### [Exercise]
Repeat exactly the lines below from the line that contains "Laulufestivali korraldaja Pärnu" to the last line, inclusive, without the pictures.

======== Given material ========

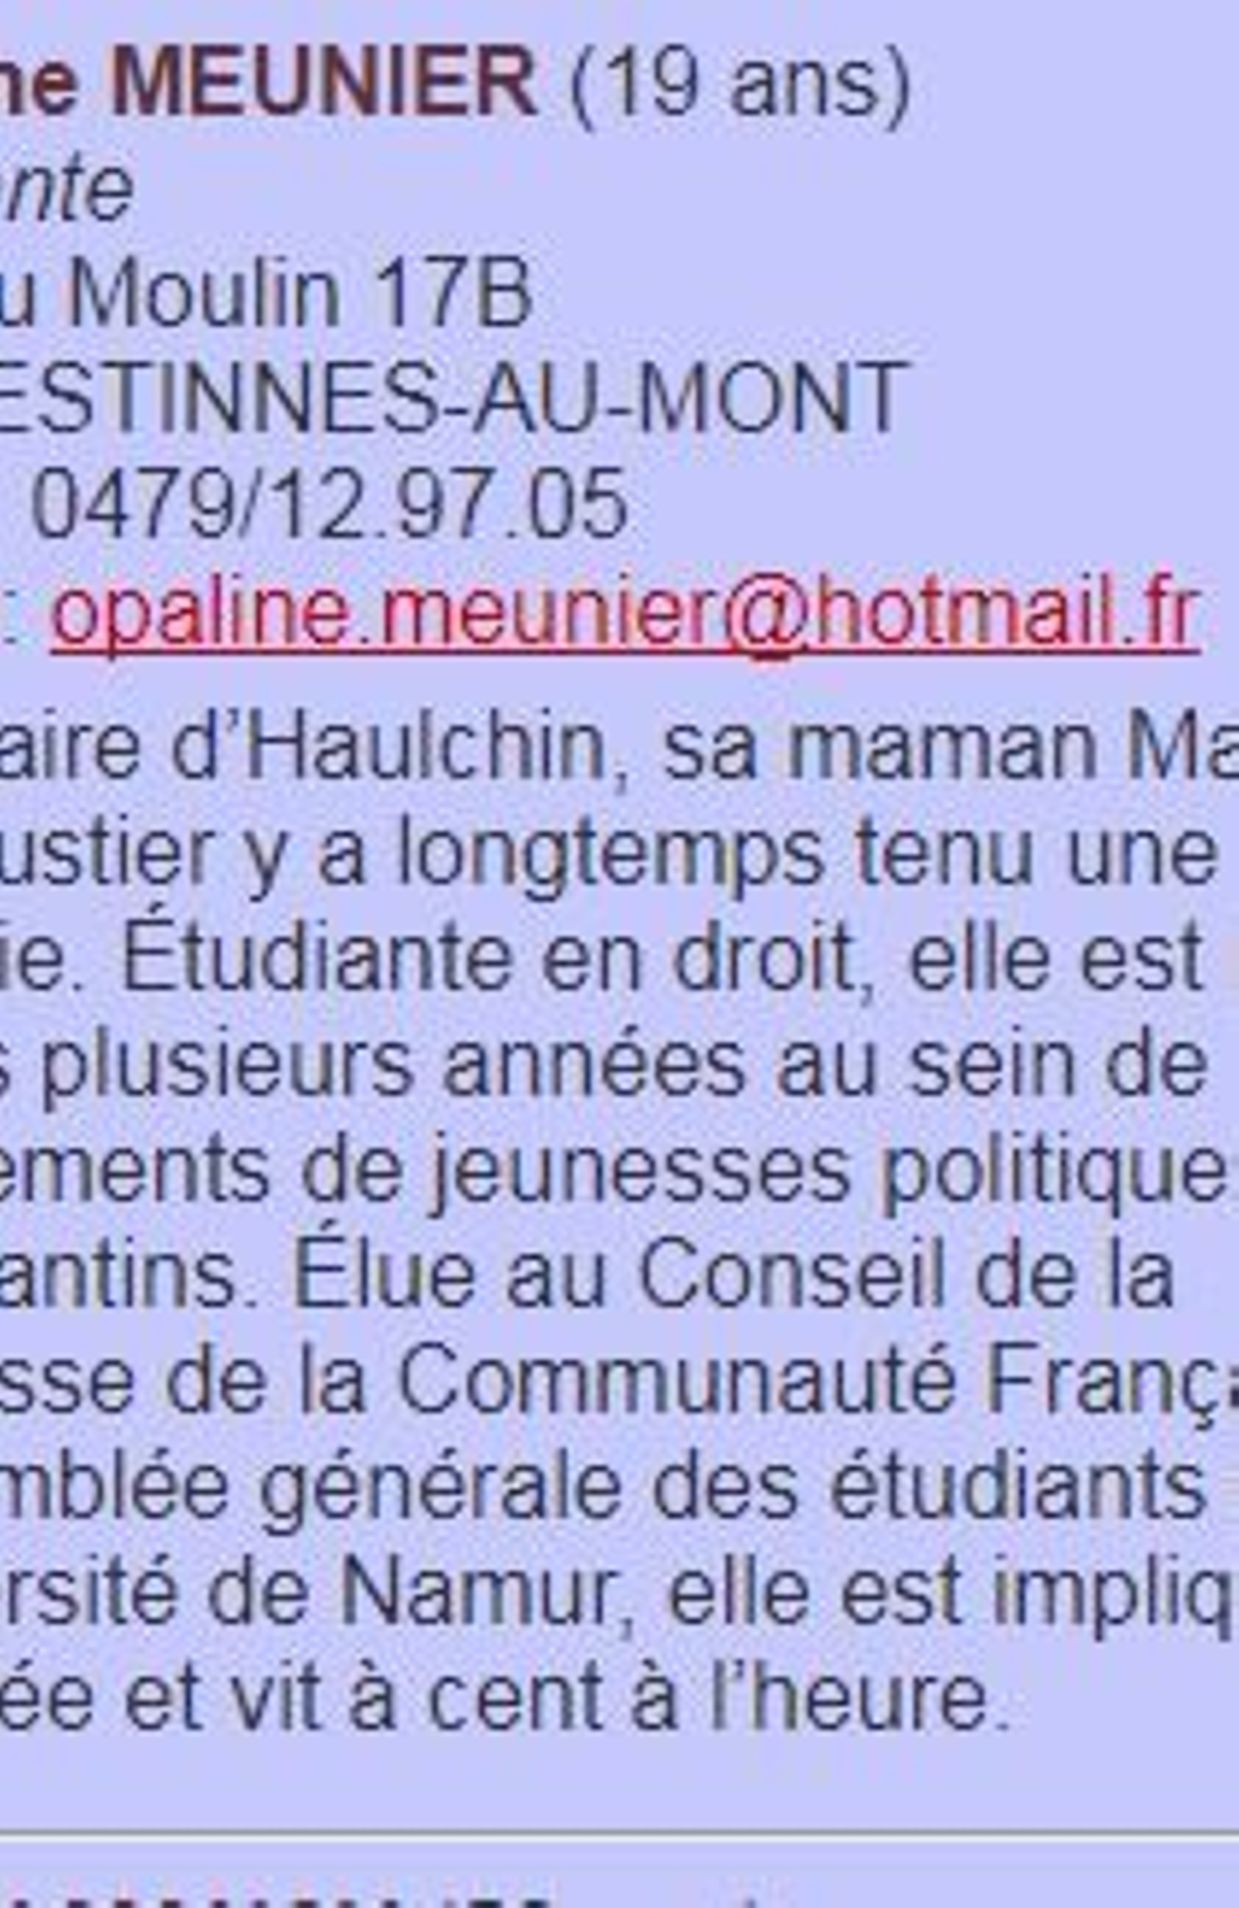 Opaline Meunier: "Tant que l'on aura une majorité absolue à Mons, il ne pourra pas y avoir de pluralisme"
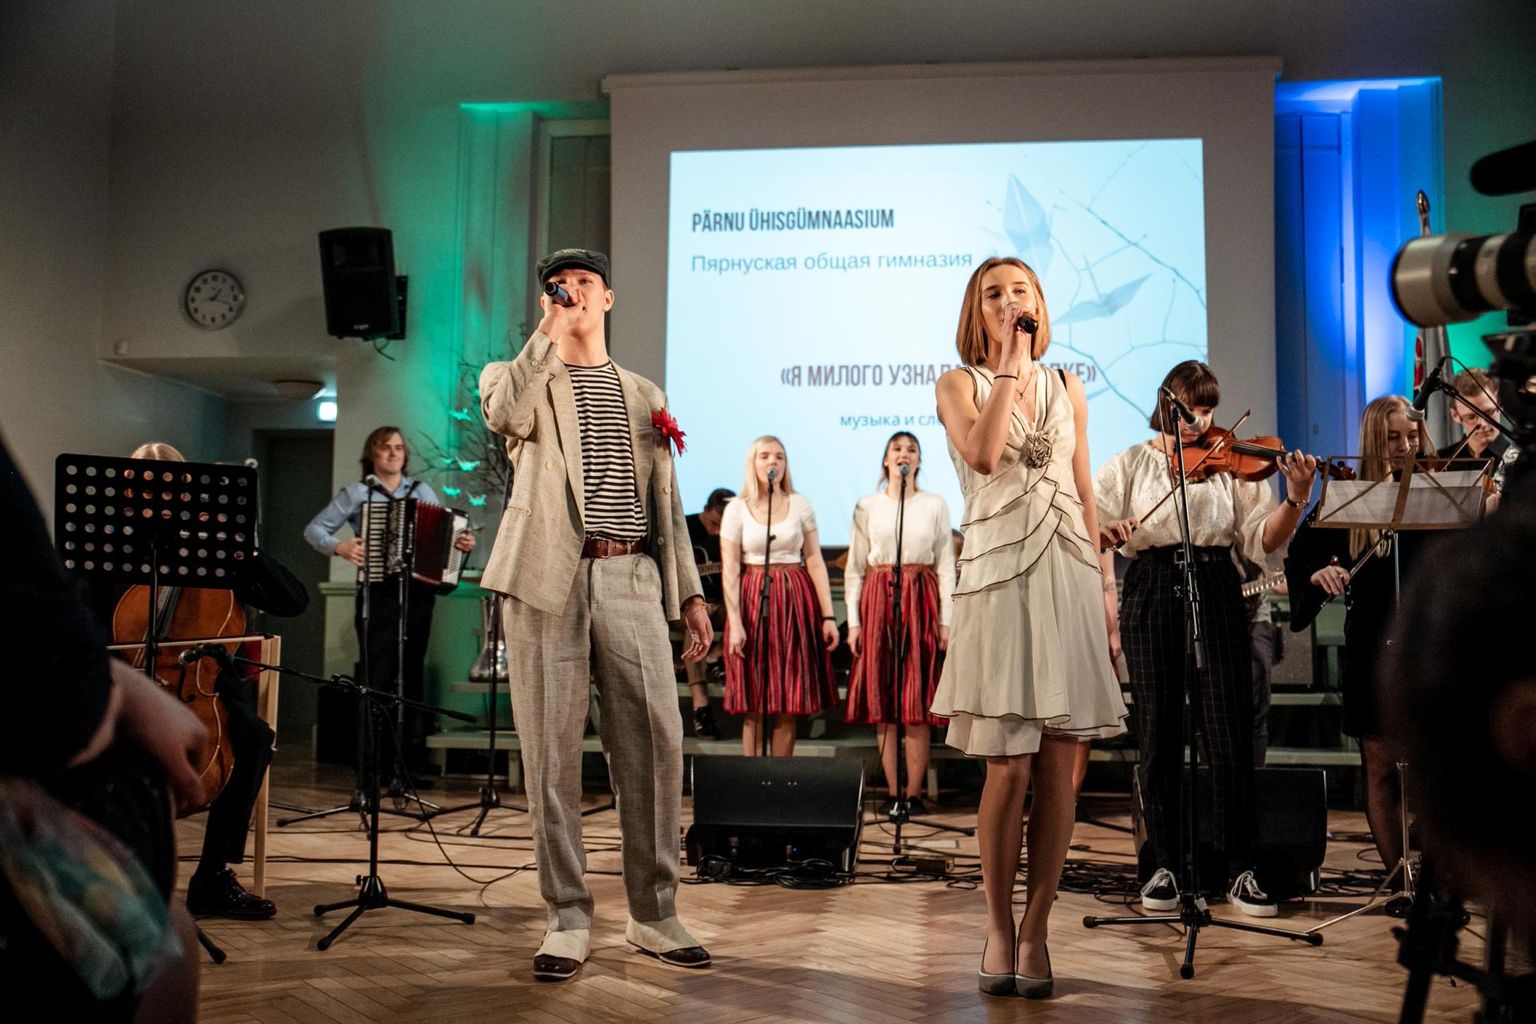 Laulufestivali korraldaja Pärnu ühisgümnaasium astus publiku ette venekeelse lauluga kallimast, kes tunti ära kõnnaku järgi.
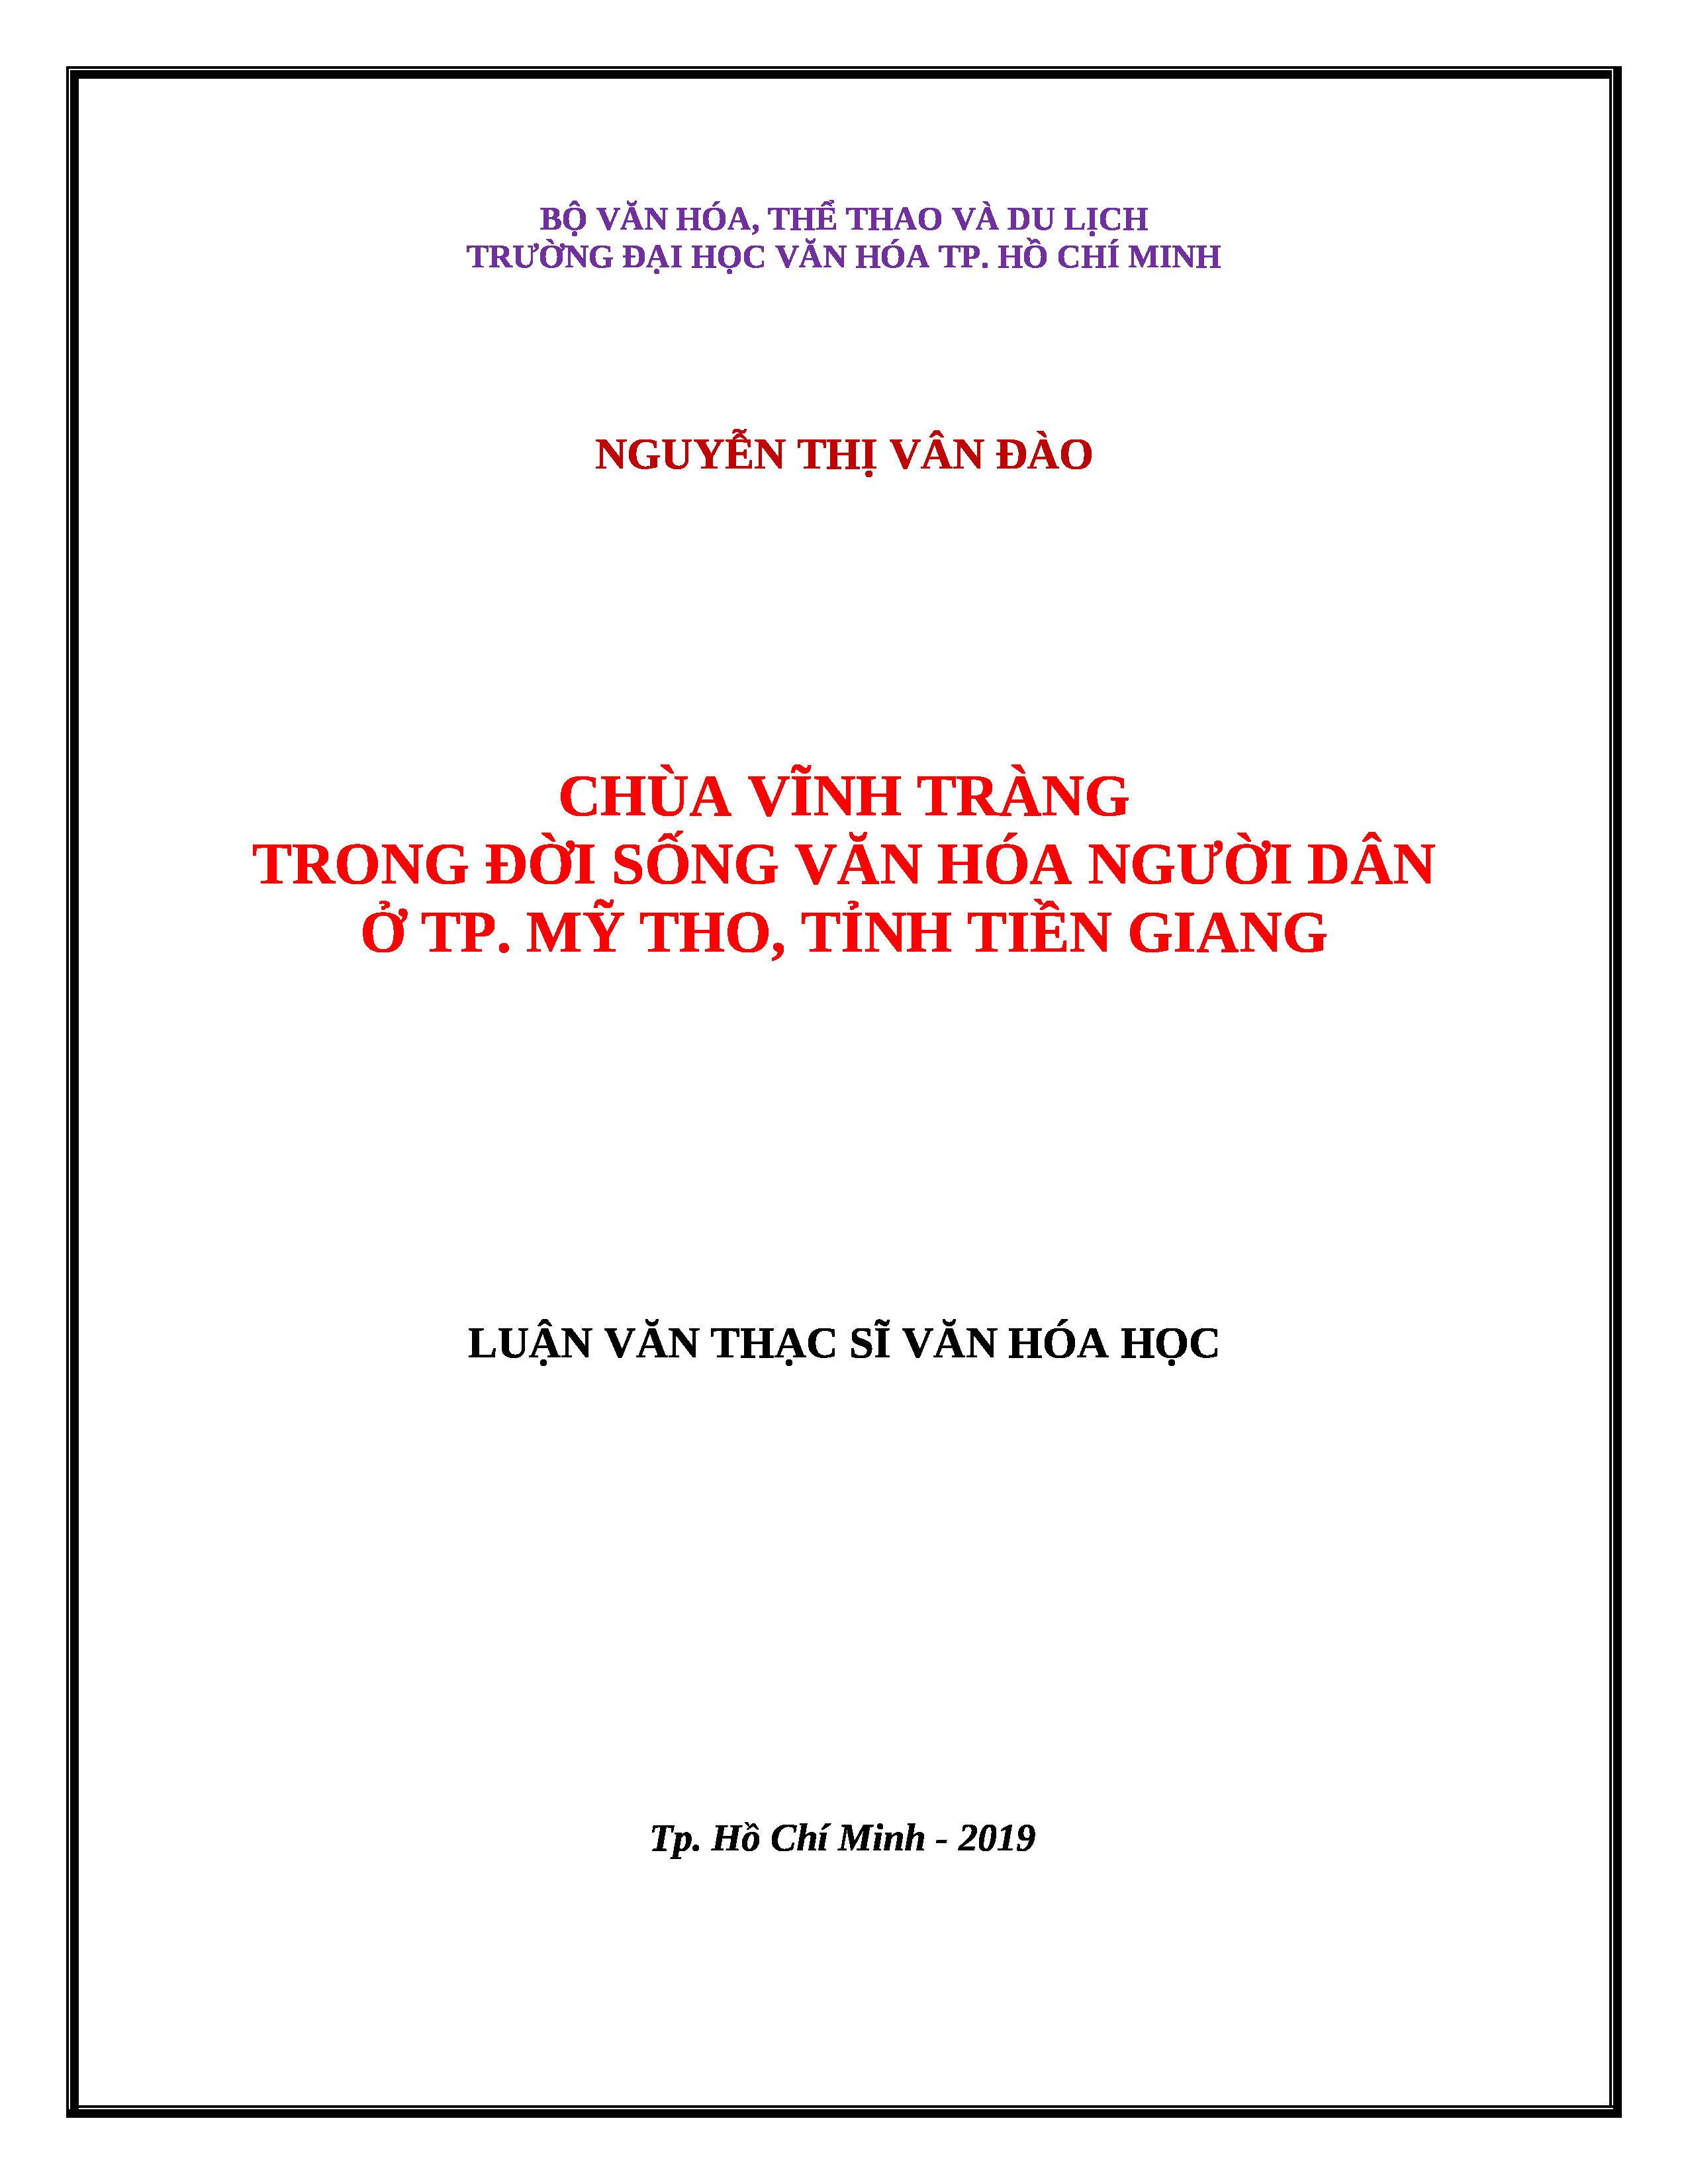 Chùa Vĩnh Tràng trong đời sống văn hoá người dân ở thành phố Mỹ Tho, tỉnh Tiền Giang

========

### [Written solution]
 Laulufestivali korraldaja Pärnu ühisgümnaasium astus publiku ette venekeelse lauluga kallimast, kes tunti ära kõnnaku järgi.
 Chùa Vĩnh Tràng trong đời sống văn hoá người dân ở thành phố Mỹ Tho, tỉnh Tiền Giang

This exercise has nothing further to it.